Problem to solve:
You are asked to copy the entire listing exactly, apart from its pictures.

Recorded data:
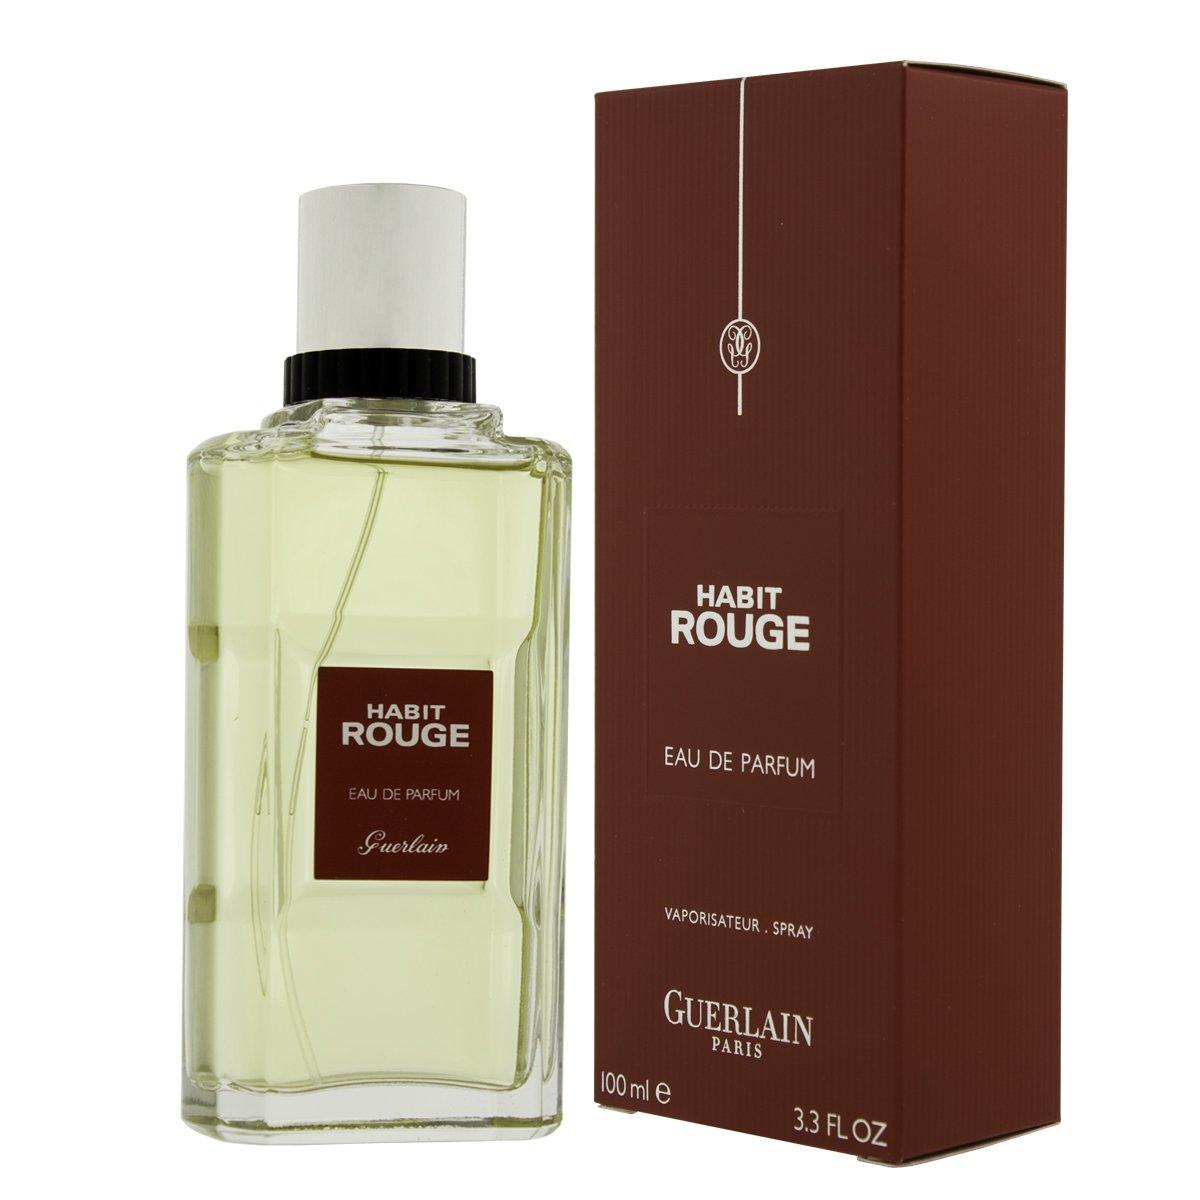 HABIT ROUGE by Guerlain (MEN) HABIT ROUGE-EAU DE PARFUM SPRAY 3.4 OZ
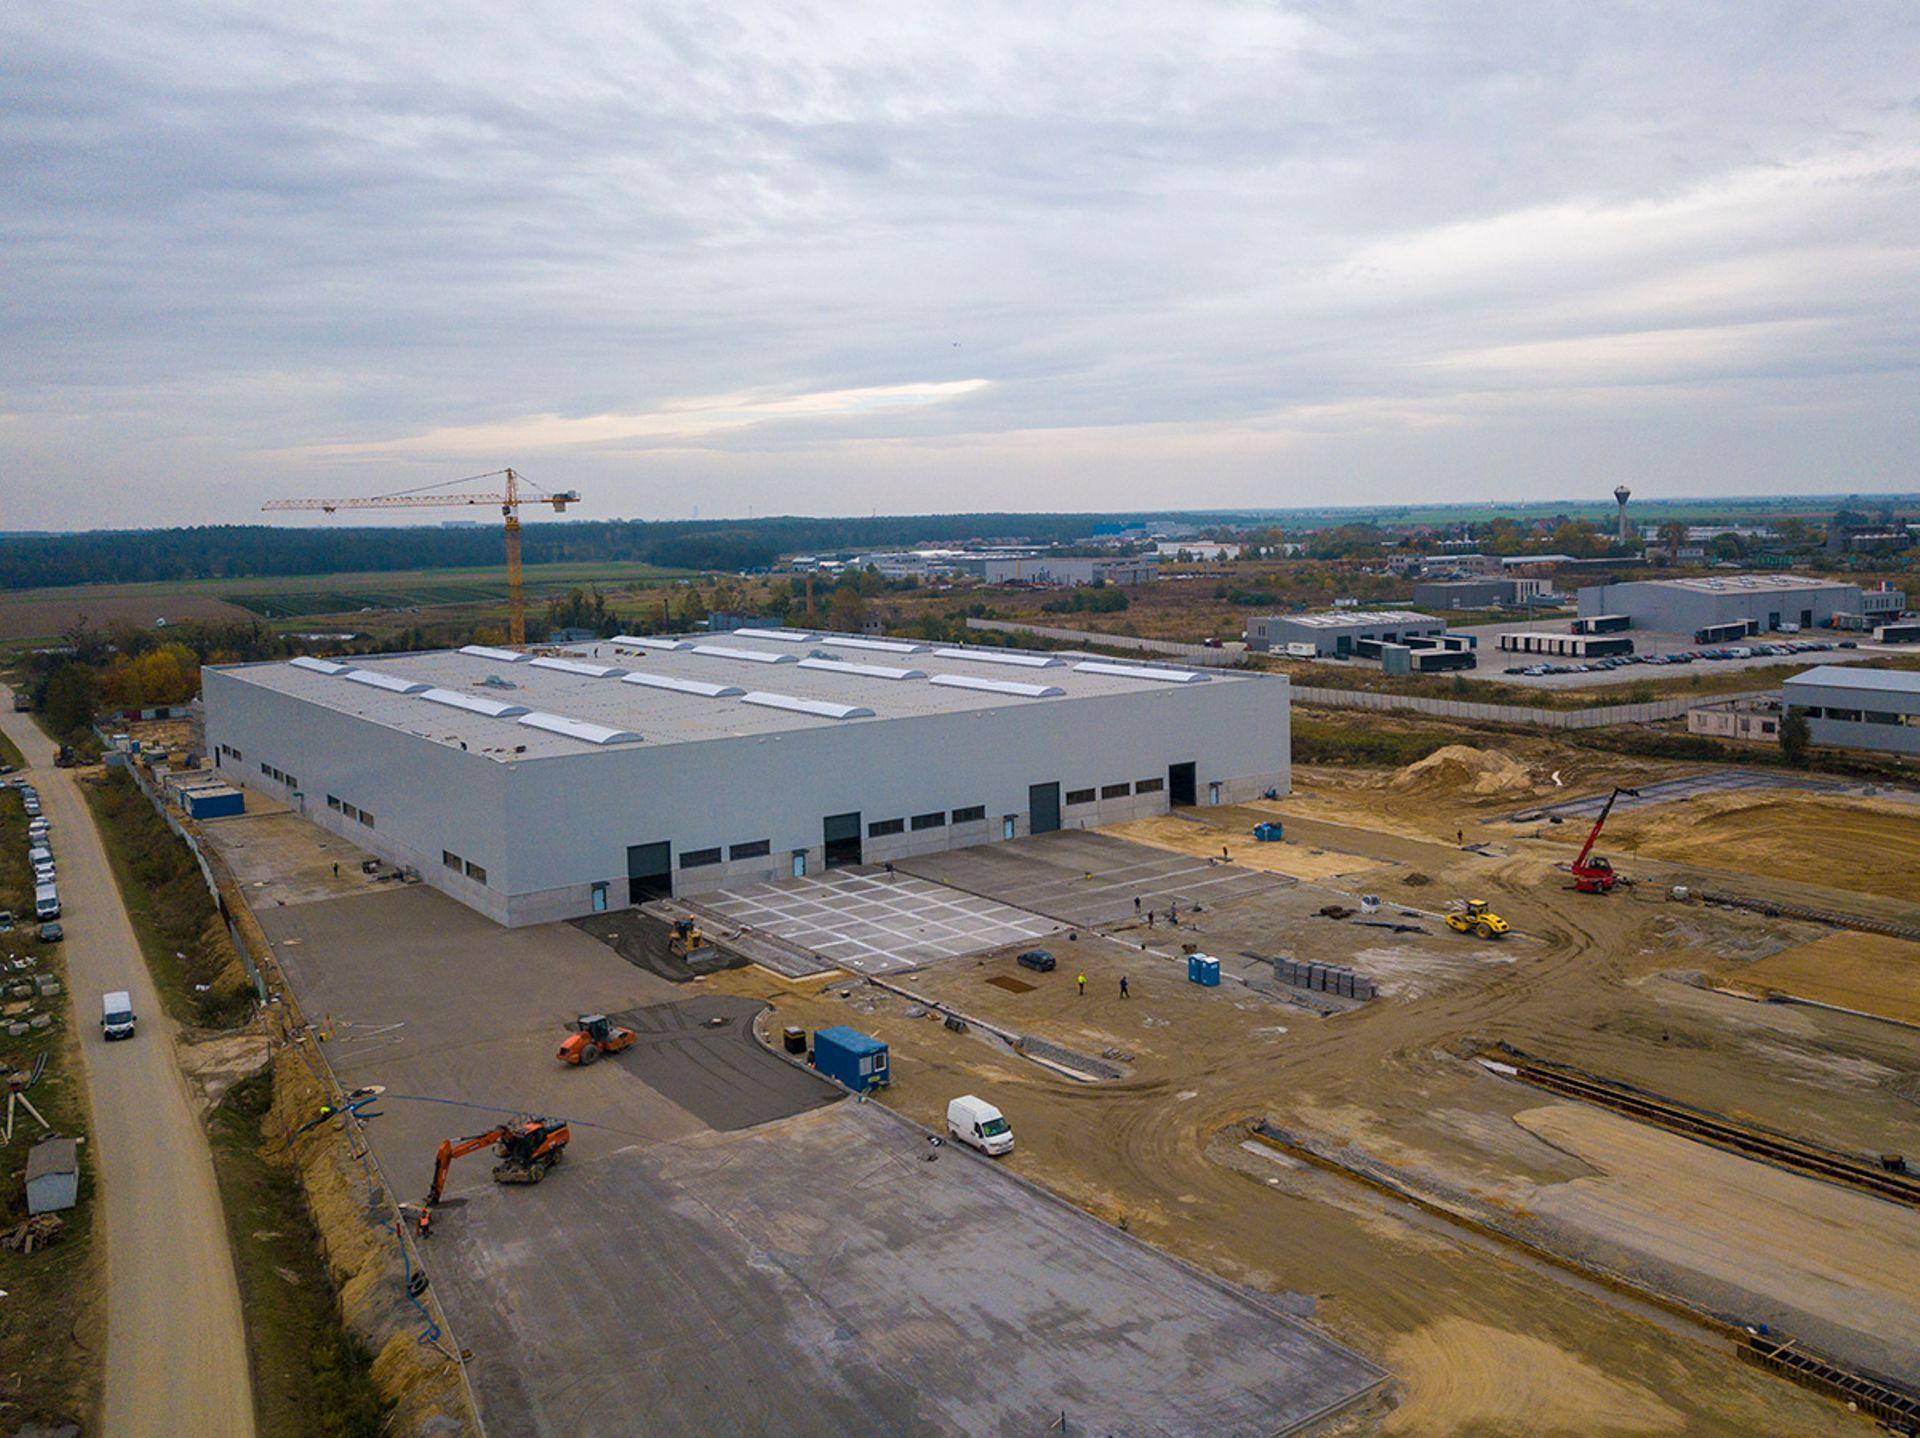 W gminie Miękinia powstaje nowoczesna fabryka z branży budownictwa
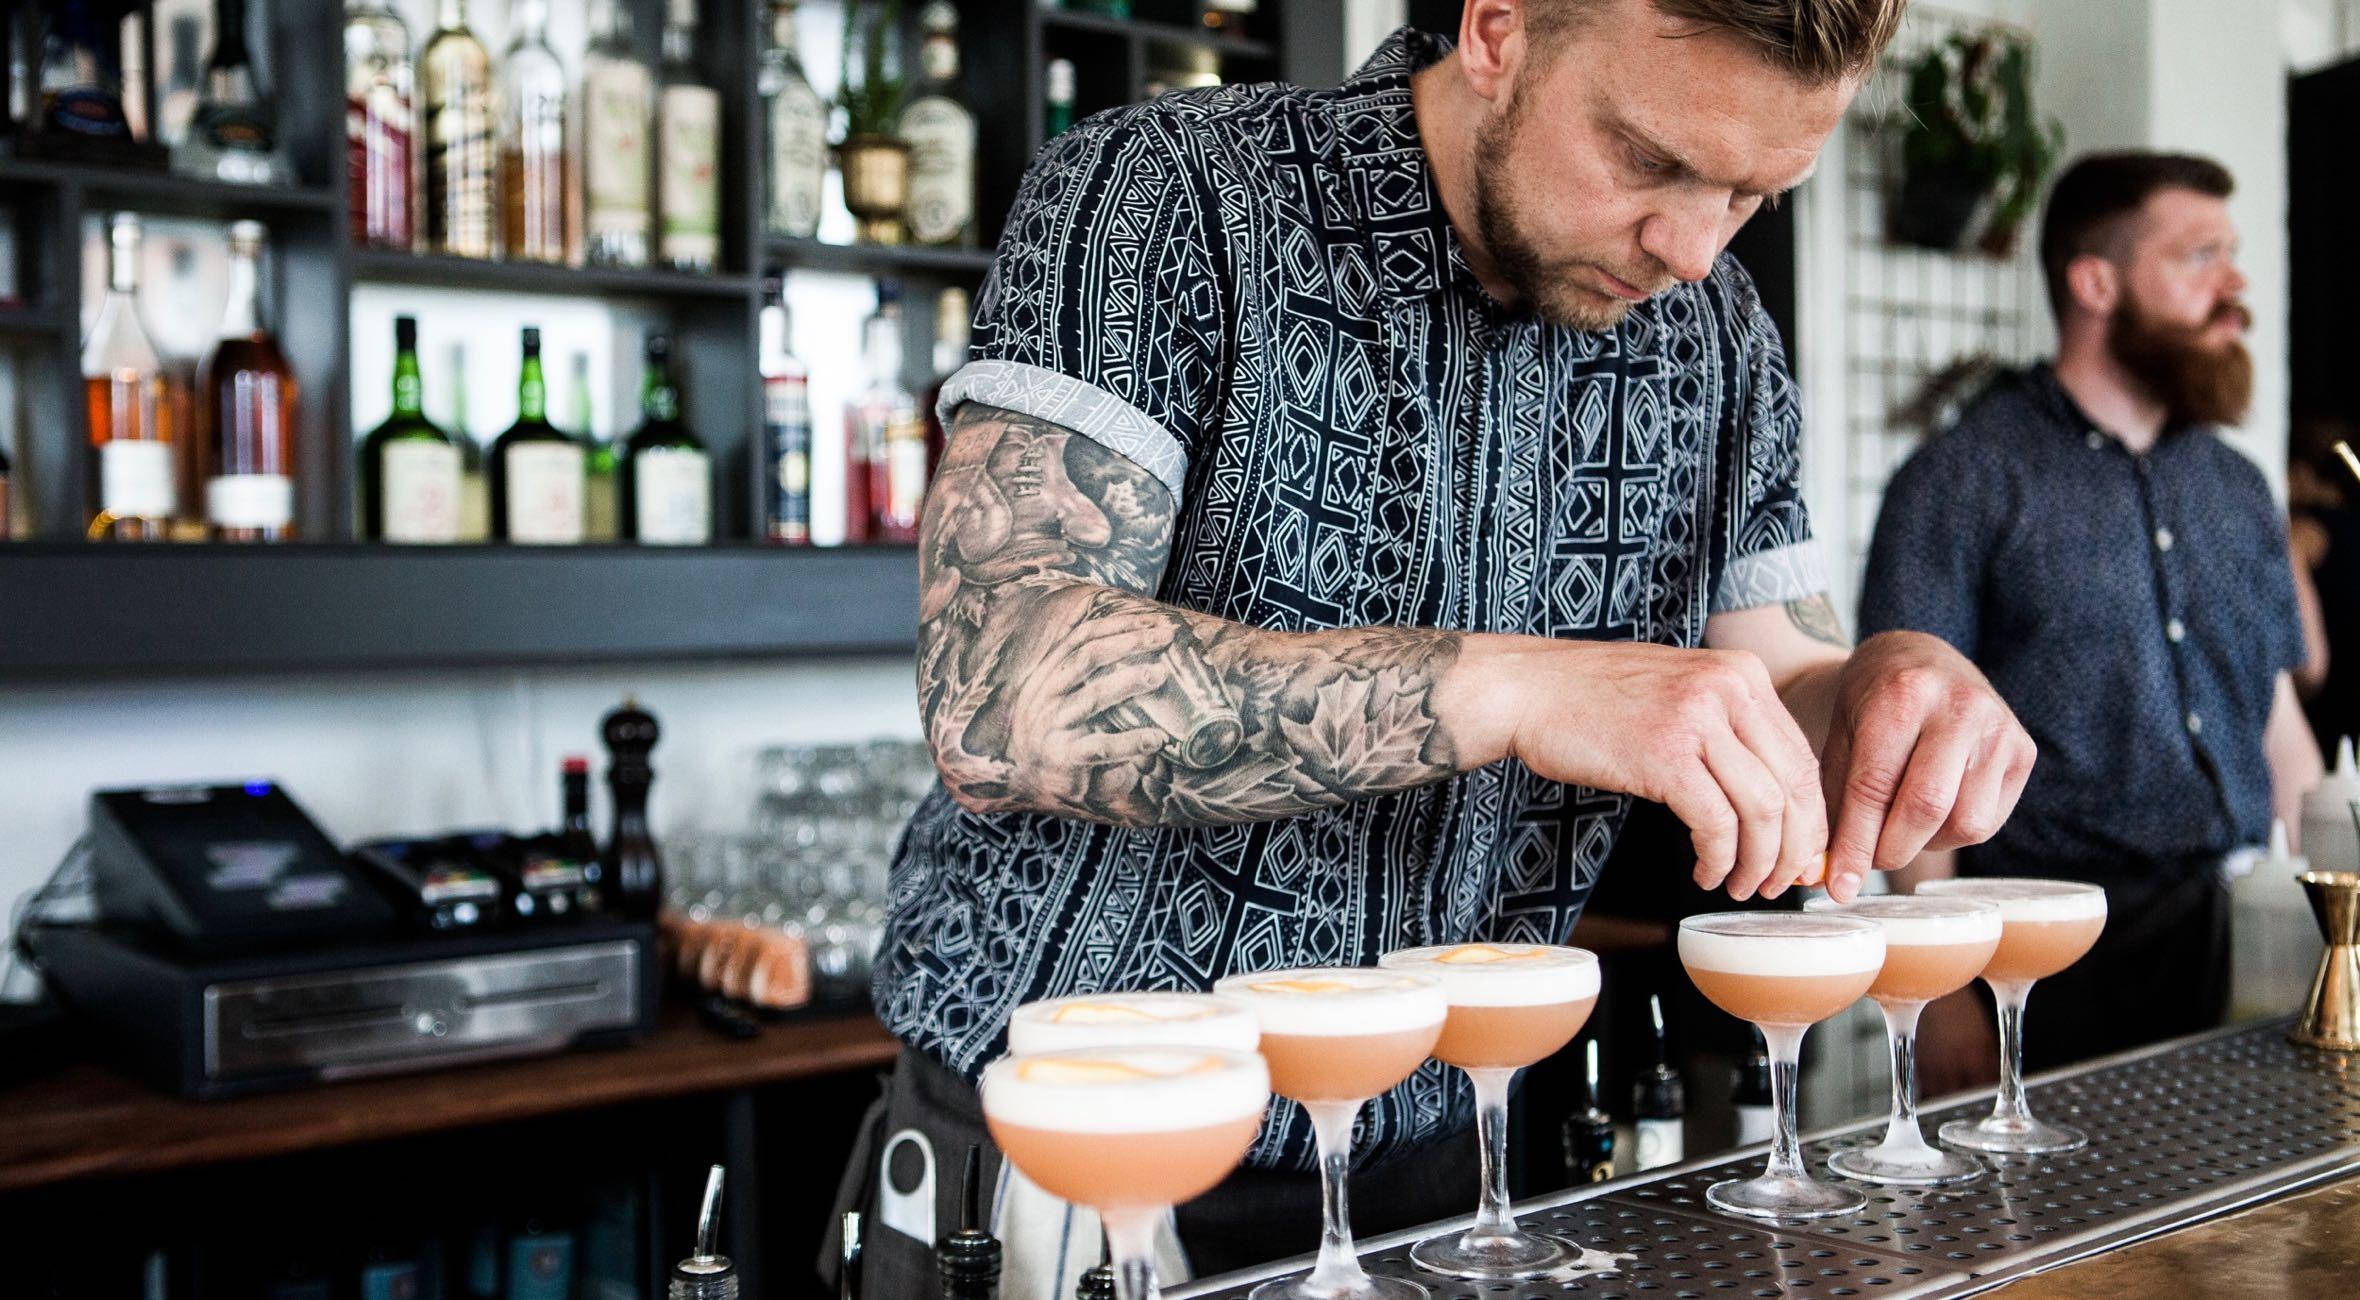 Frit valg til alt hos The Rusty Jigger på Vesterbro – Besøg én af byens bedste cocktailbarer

Your solution:
 HABIT ROUGE by Guerlain (MEN) HABIT ROUGE-EAU DE PARFUM SPRAY 3.4 OZ
 W gminie Miękinia powstaje nowoczesna fabryka z branży budownictwa
 Frit valg til alt hos The Rusty Jigger på Vesterbro – Besøg én af byens bedste cocktailbarer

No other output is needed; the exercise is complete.